After her elimination, Mercado appeared on Live with Regis and Kelly, The Morning Show with Mike and Juliet and WSVN's Deco Drive. She completed the American Idols Live! Tour 2008 which ran from July 1, 2008, to September 13, 2008. The songs she performed on the tour were "Umbrella" by Rihanna, "If I Ain't Got You" by Alicia Keys and "Listen" by Beyoncé.
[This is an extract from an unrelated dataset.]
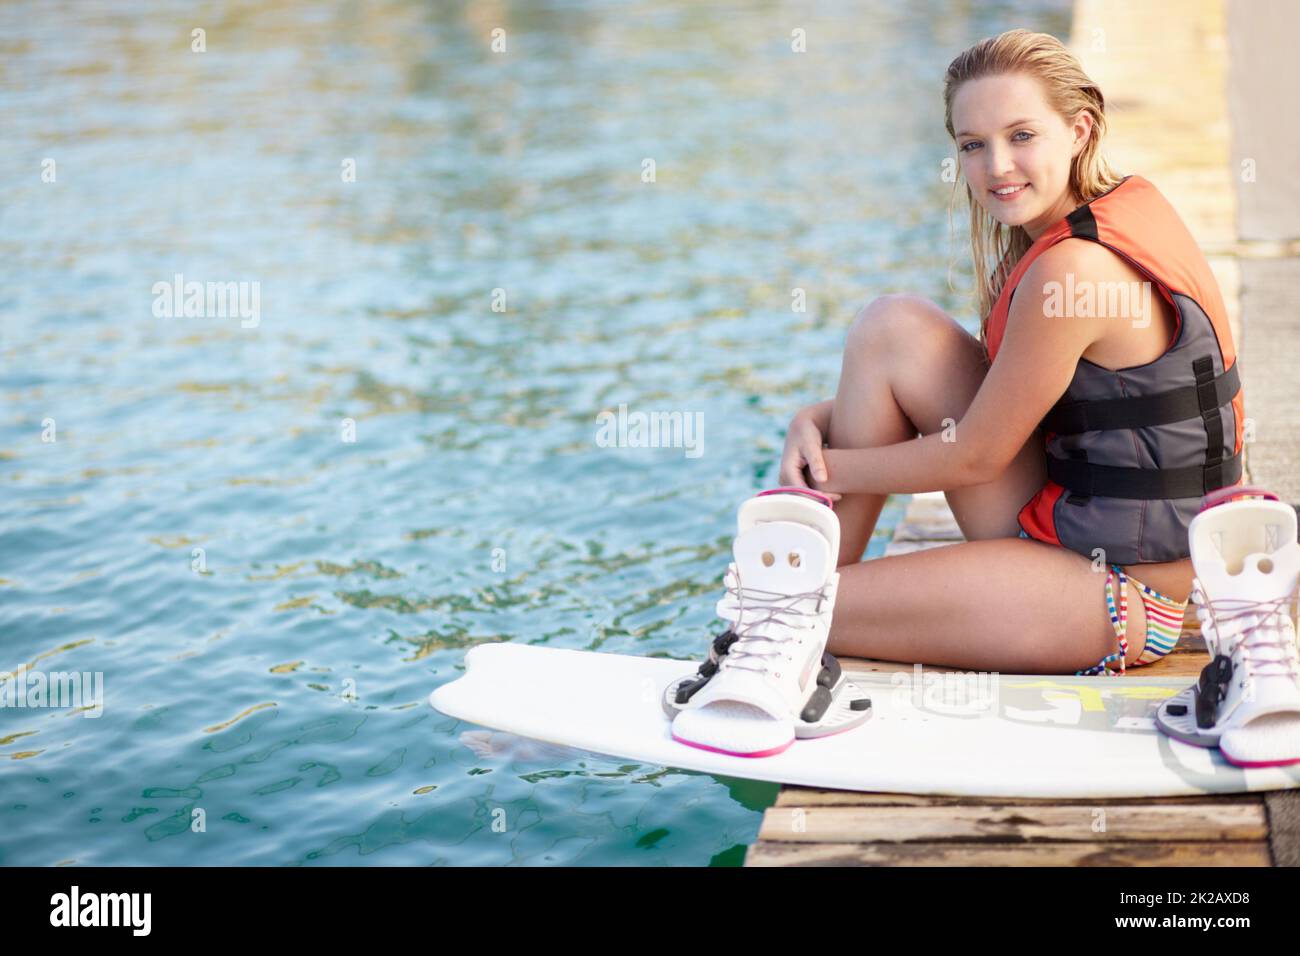 Portrait of a pretty young girl sitting on a jetty next to a wakeboard. Portrait of a pretty young girl sitting on a jetty next to a wakeboard. Stock Photo

In November 2008, she performed "One Rock and Roll Too Many" in the 6abc IKEA Thanksgiving Day Parade. She was the guest host of the WSVN 7 yacht at the 37th annual Seminole Hard Rock Winterfest Boat parade on December 13, 2008. She sang "The Star-Spangled Banner" at the Miami Dolphins and the San Francisco 49ers game on Fox on December 14, 2008. On December 20, 2008, she assisted the Habitat for Humanity in building homes for struggling families in Miramar, Florida.

In February 2009, she participated in the opening of the American Idol Experience attraction at Disney's Hollywood Studios.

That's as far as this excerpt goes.